Hear the podcast & explore the science

(Photo by Beth Murphy/GroundTruth)

||

Podcast credits & more info

Behind the Science

Mosquito bites result in more than a million deaths each year, according to the World Health Organization. That’s because they’re the primary carriers of diseases like malaria, dengue fever – and the Zika virus. Scientists say climate change is affecting the life cycles of mosquitoes and, as a result, could be amplifying the spread of Zika.

“Climate change has profound impacts on public health, including infectious diseases,” says physician and epidemiologist Barry Levy. “Warmer temperatures increase the breeding season and also the rate at which mosquitoes multiply.
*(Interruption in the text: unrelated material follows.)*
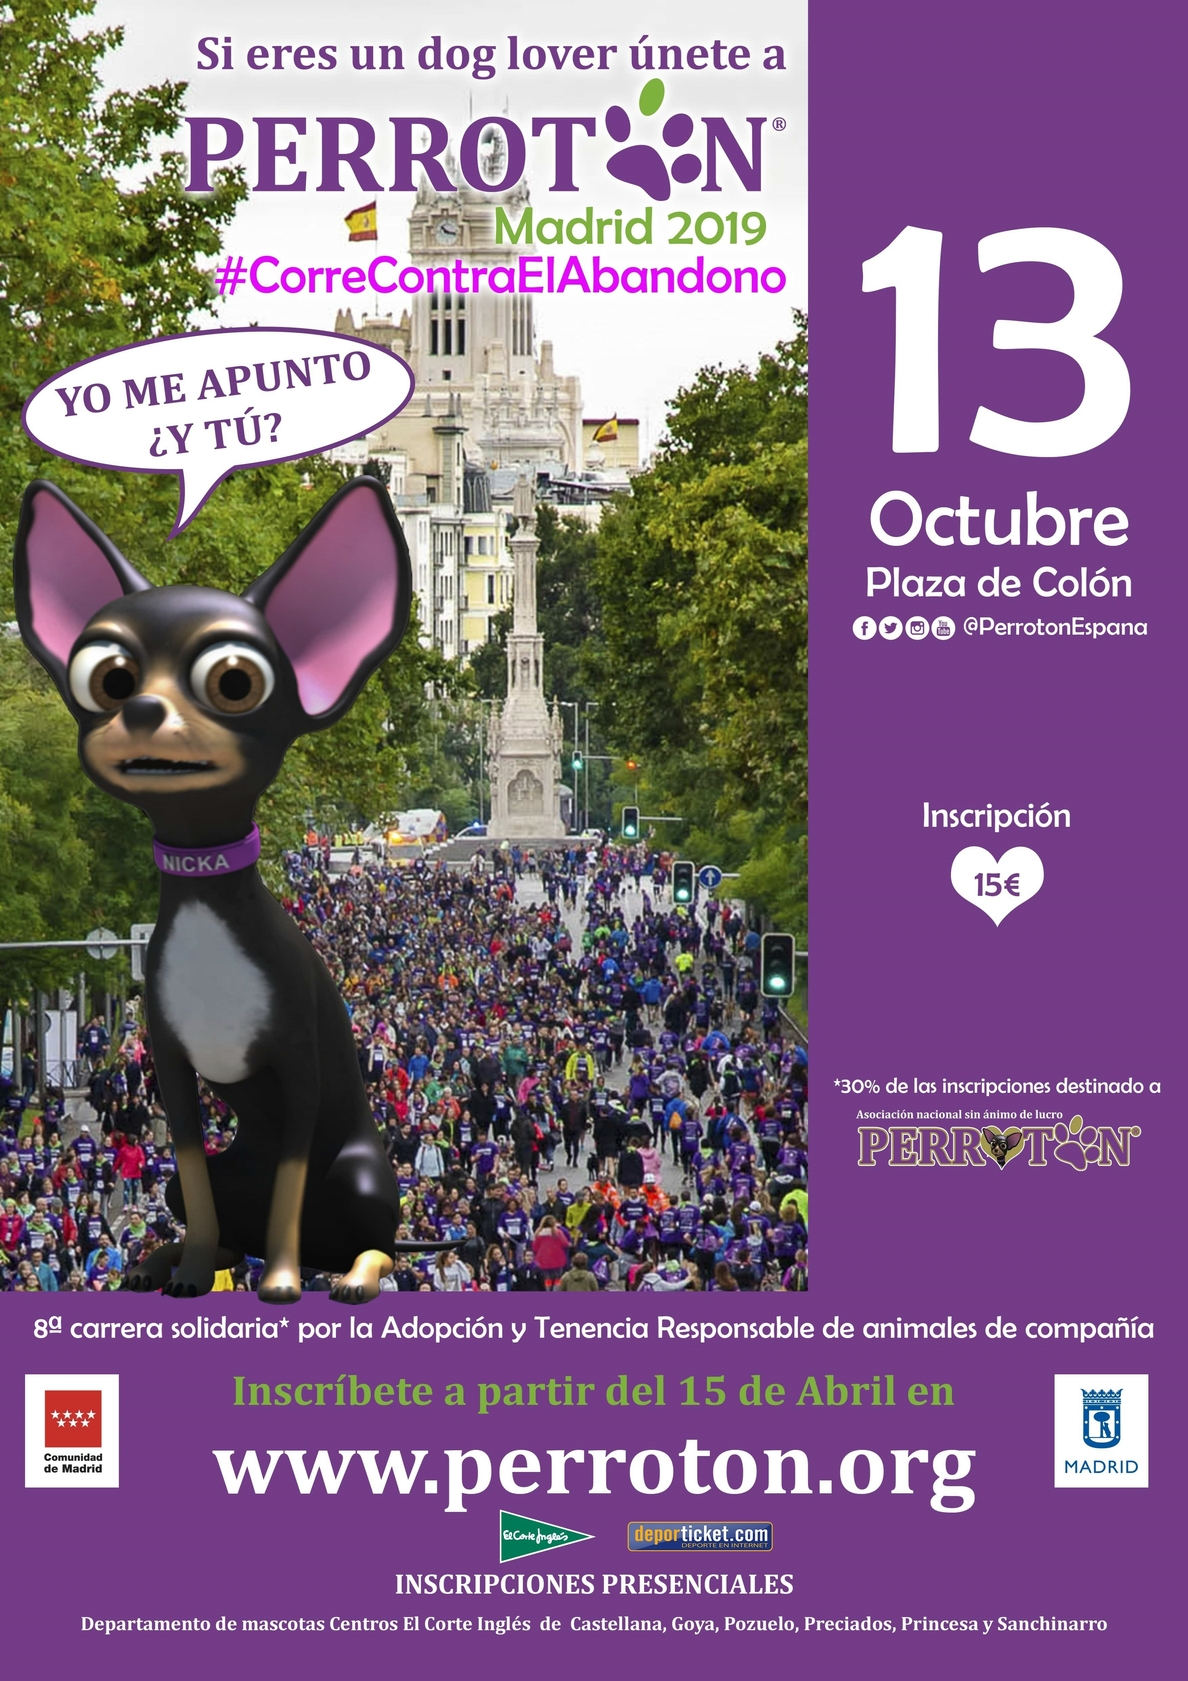 Perrotón Madrid organiza una carrera solidaria en octubre para promover y fomentar la adopción y tenencia responsable

It’s of great concern that climate change may impact the spread of Zika virus.”

It’s not just Zika that doctors are worried about, as the climate gets friendlier for disease-carrying mosquitoes.

“There are places, for example, in East Africa where malaria never occurred because they were at higher elevations and now that temperatures are warmer, malaria is occurring for the first time,” Levy says. A 2014 study found that “future climate warming will result in a significant increase in malaria cases in densely populated regions of Africa and South America, unless disease monitoring and control efforts are boosted and sustained.”

The impact of this rise in infectious diseases won’t be felt equally. Women and children are more vulnerable, and poor countries and poor people will be hit harder

“Climate change is a risk multiplier in many ways, and a number of diseases already occur more frequently in children and some of them also occur more frequently in women,” said Levy. “In addition, in terms of raising awareness of the population about how mosquitoes breed, about steps that people individually can take, these are resources that are not as available in many of the low-income countries.”

Warming temperatures aren’t the only way climate change is affecting mosquito life cycles. The increased storms associated with climate change can lead to more flooding and standing water, which mosquitoes require in order to breed. Conversely, if climate change exacerbates drought, as it has in Brazil, people without access to running water will store water, which can become a mosquito breeding ground.